How do you prepare crumbed chicken strips with a barbeque sauce?


----------



## buckytom (Apr 22, 2013)

i'm not sure what crumbled chicken strips are, mou.

crumbled are small or shorter bits, and strips are longer pieces. can you describe them more for us?

does crumbled mean the coating on the strips?


----------



## GotGarlic (Apr 22, 2013)

I think the OP means breaded (crumbed) chicken - I've seen Snip and Kylie refer to it that way. 

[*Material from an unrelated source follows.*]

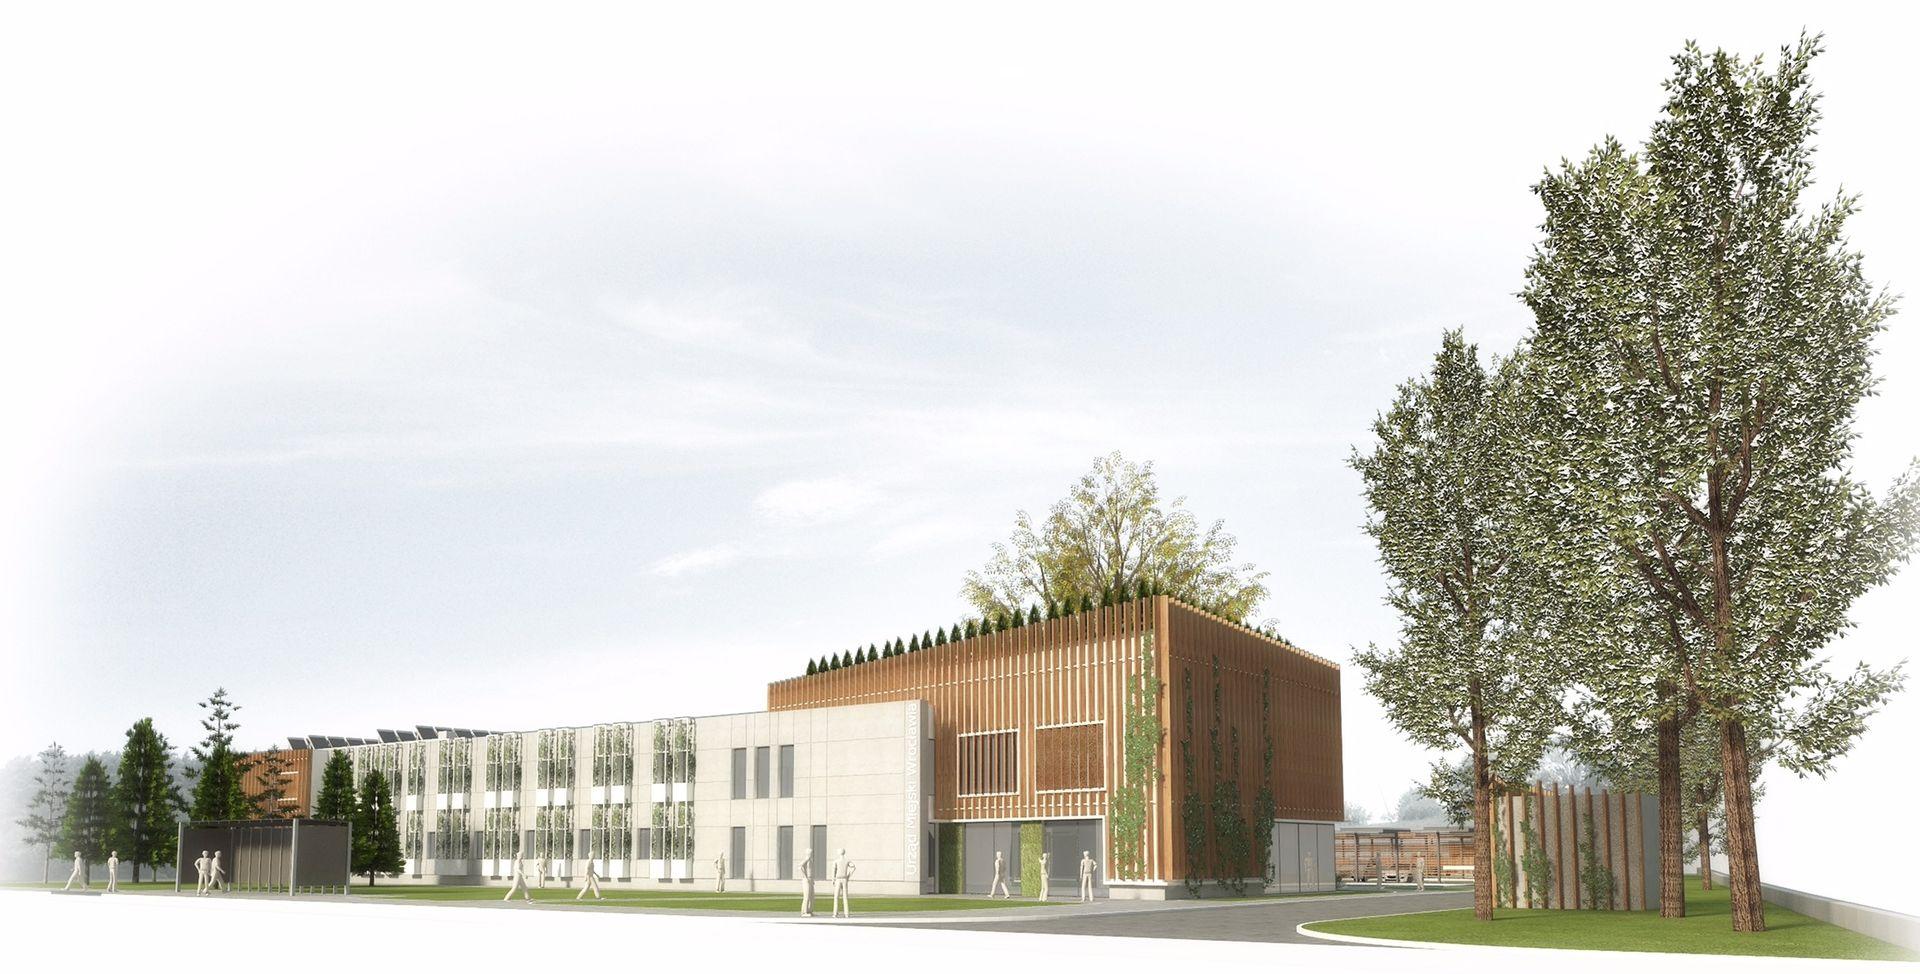 [Wrocław] Urzędnicy chcą być eko. Przy Hubskiej powstanie energooszczędny kompleks [WIZUALIZACJE]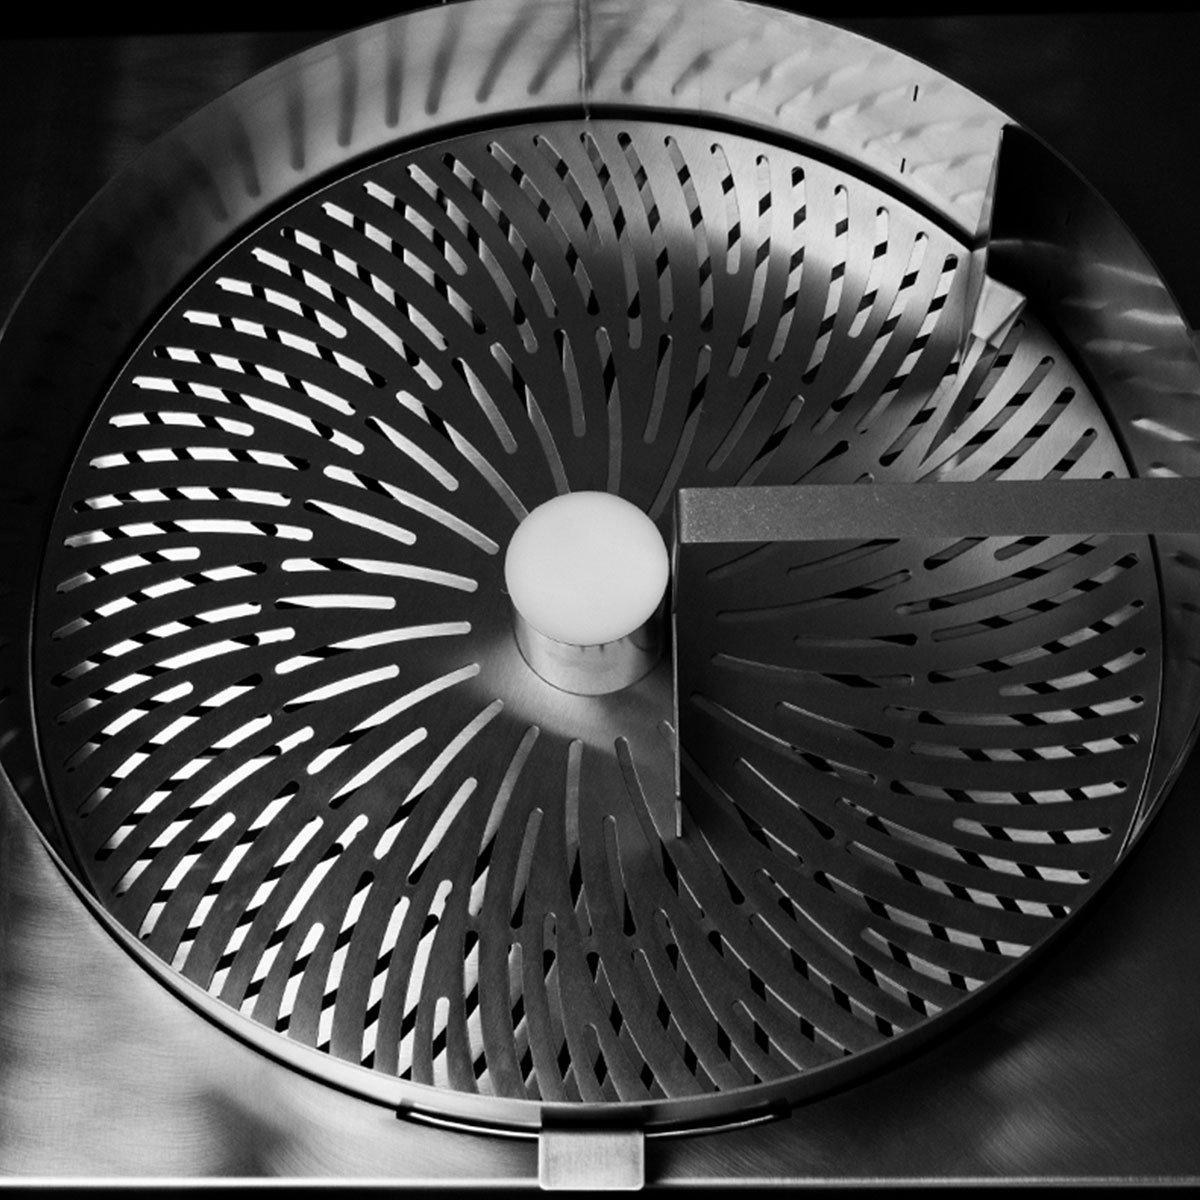 Model-M-Dry-Trimmer-Detail-1

Take three bowls. Put a cup of flour in one, two beaten eggs in the second,  and a cup of breadcrumbs in the third. You can season these, if you like, with salt, pepper,  and/or other herbs and spices.  Then take your chicken and coat it in each ingredient in the order above, shaking off any excess. Then you can bake the chicken at 425 degrees F for 15 minutes or brown it on both sides in a skillet with warmed oil. Hth.


----------



## jabbur (Apr 22, 2013)

GotGarlic has the right procedure for breading (crumbing) the chicken.  If you want to have them with BBQ sauce too there are two ways I would tackle that.  The easiest is to just have the BBQ sauce to pour on the plate for dipping.  Or if you want it baked on, drizzle or lightly brush it on the chicken but you'd want to bake it a bit first to get the coating to set.  You can also add seasonings to your breadcrumbs that could give it a BBQ flavor but it wouldn't be saucy.


----------



## CraigC (Apr 22, 2013)

If you like spicy, slice your chicken into strips, then sprinkle the strips with onion powder, garlic powder and cayenne pepper. Mix to evenly coat and set aside for 30 minutes. I like to reinforce the spices in the flour as well. I'll actually just use the flour to coat and then pan fry, but you can flour, egg wash and crumb before baking or frying. Its all good! Might not need the BBQ sauce.


----------